Install open-bus-stride-etl, assuming it's in a sibling directory you can use the following command:

venv/stride/bin/pip install -r ../open-bus-stride-etl/requirements.txt &&\
venv/stride/bin/pip install -e ../open-bus-stride-etl

Install open-bus-gtfs-etl, assuming it's in a sibling directory you can use the following command:

venv/stride/bin/pip install -r ../open-bus-gtfs-etl/requirements.txt &&\
venv/stride/bin/pip install -e ../open-bus-gtfs-etl

Create a file at .airflow.env with the following contents:

. venv/airflow/bin/activate
export AIRFLOW_HOME=$(pwd)/.airflow
export AIRFLOW__CORE__DAGS_FOLDER=$(pwd)/dags
export AIRFLOW__CORE__LOAD_EXAMPLES=False
export AIRFLOW__CORE__LOAD_DEFAULT_CONNECTIONS=False
export AIRFLOW__CORE__DAG_DISCOVERY_SAFE_MODE=False

export OPEN_BUS_PIPELINES_DOWNLOAD_SIRI_SNAPSHOTS=yes
export OPEN_BUS_PIPELINES_PIP_INSTALL_DEPS=no

Add environment variables for SIRI ETL (See the README for more details):

export OPEN_BUS_SIRI_STORAGE_ROOTPATH=$(pwd)/.data/siri
export SQLALCHEMY_URL=postgresql://postgres:123456@localhost
export DEBUG=yes

Create directory for airflow data:

sudo mkdir /var/airflow
sudo chown $USER /var/airflow

Initialize the Airflow DB and create an admin user:

. .airflow.env &&\
airflow db init &&\
airflow users create --username admin --firstname Admin --lastname Adminski \
    --role Admin --password 12345678 --email admin@localhost

Start the stride local DB server and update to latest migration (see the open-bus-stride-db README)

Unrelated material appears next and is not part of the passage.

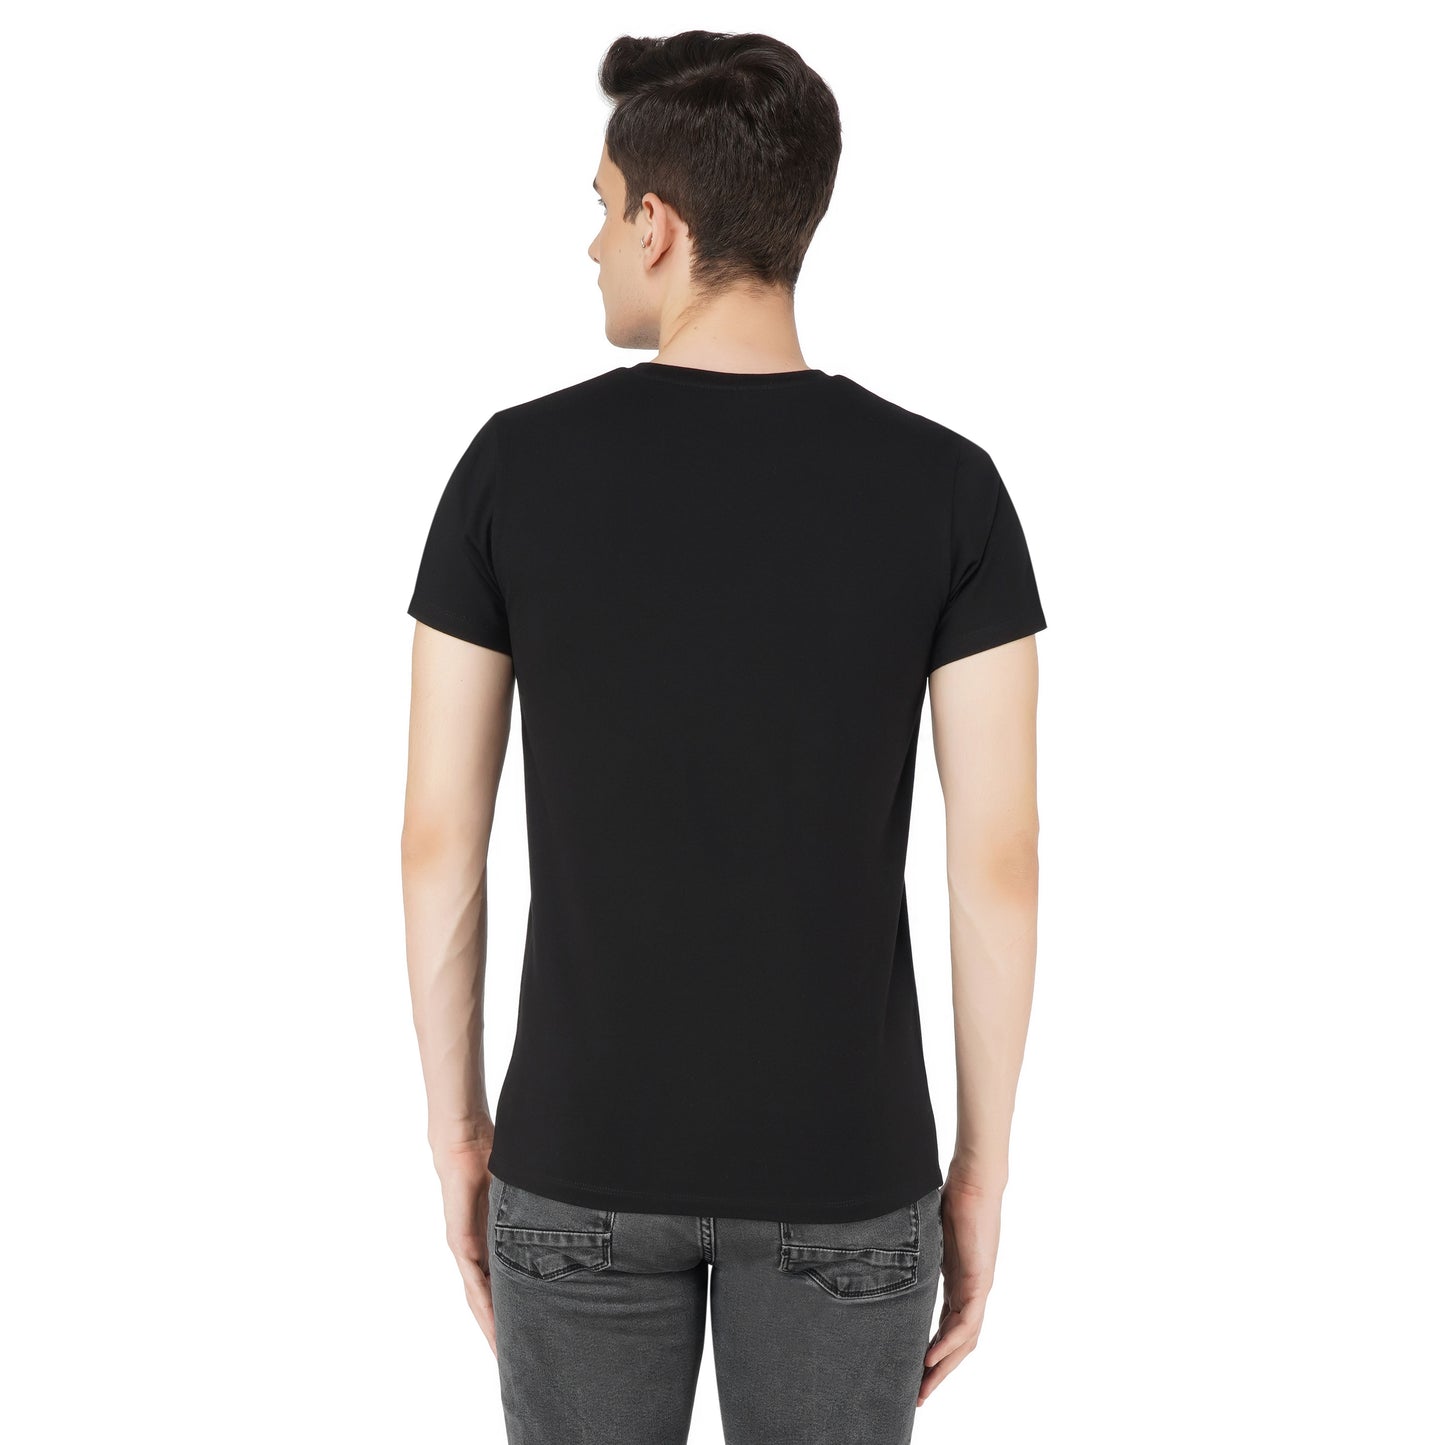 SLAY. Men's Premium Printed Black T-shirt-clothing-to-slay.myshopify.com-T-Shirt
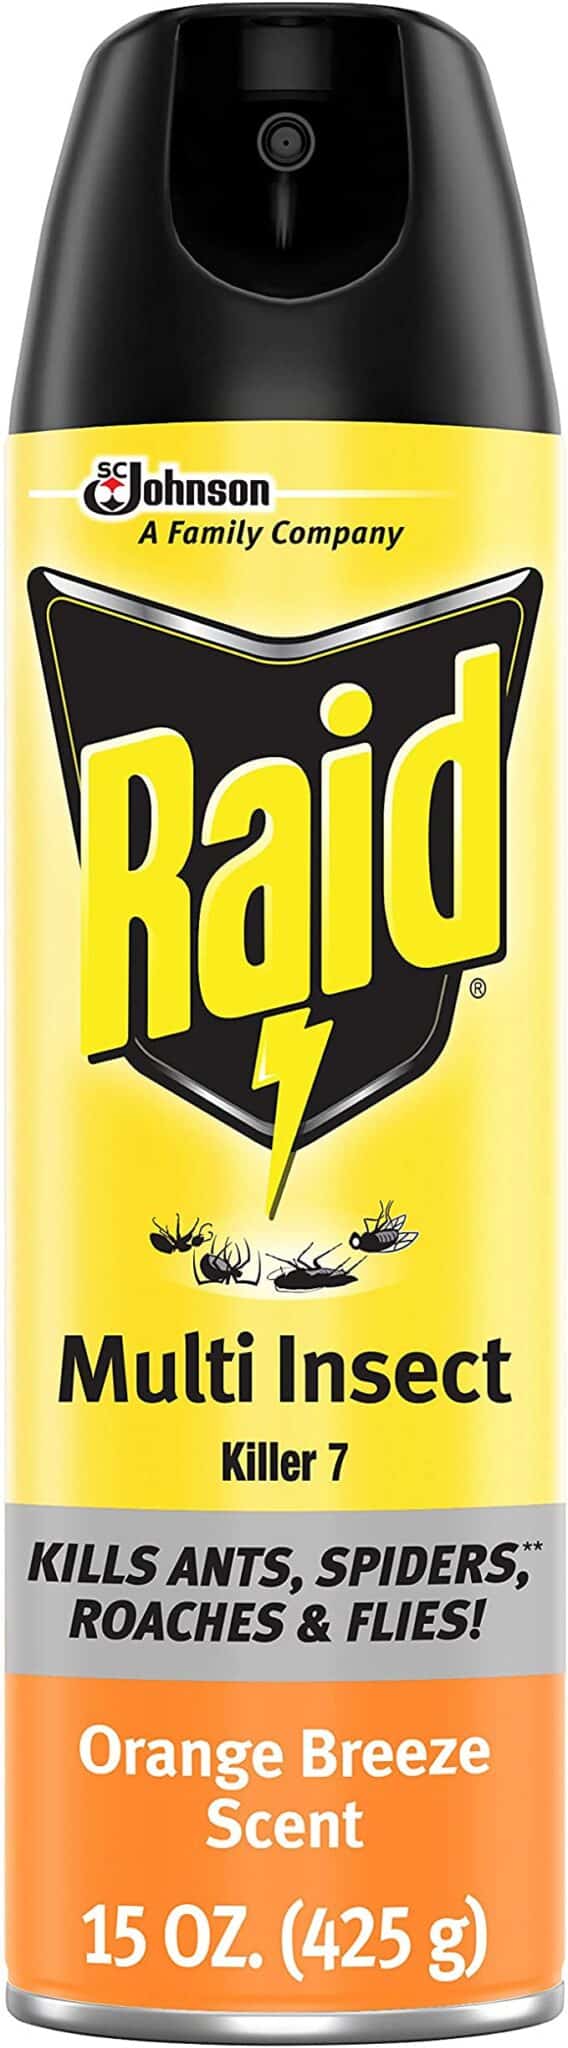 Raid Multi Insect Killer Logo

Start the Airflow web server:

. .airflow.env && airflow webserver --port 8080

In a new terminal, start the Airflow scheduler:

. .airflow.env && airflow scheduler

Access the airflow webserver at http://localhost:8080 login using admin / 12345678

Testing local development with parallel workers

This process is a bit more complex but allows to test workflows which require airflow workers to run in parallel.

Add the following to the end of .airflow.env:

export AIRFLOW__DATABASE__SQL_ALCHEMY_CONN=postgresql://postgres:123456@localhost:5433
export AIRFLOW__CORE__EXECUTOR=LocalExecutor
export AIRFLOW__CORE__PARALLELISM=4
export AIRFLOW__CORE__MAX_ACTIVE_TASKS_PER_DAG=3

Start the airflow db

docker compose up -d airflow-db

Start the airflow webserver / scheduler as described above, including the db initialization and admin user creation.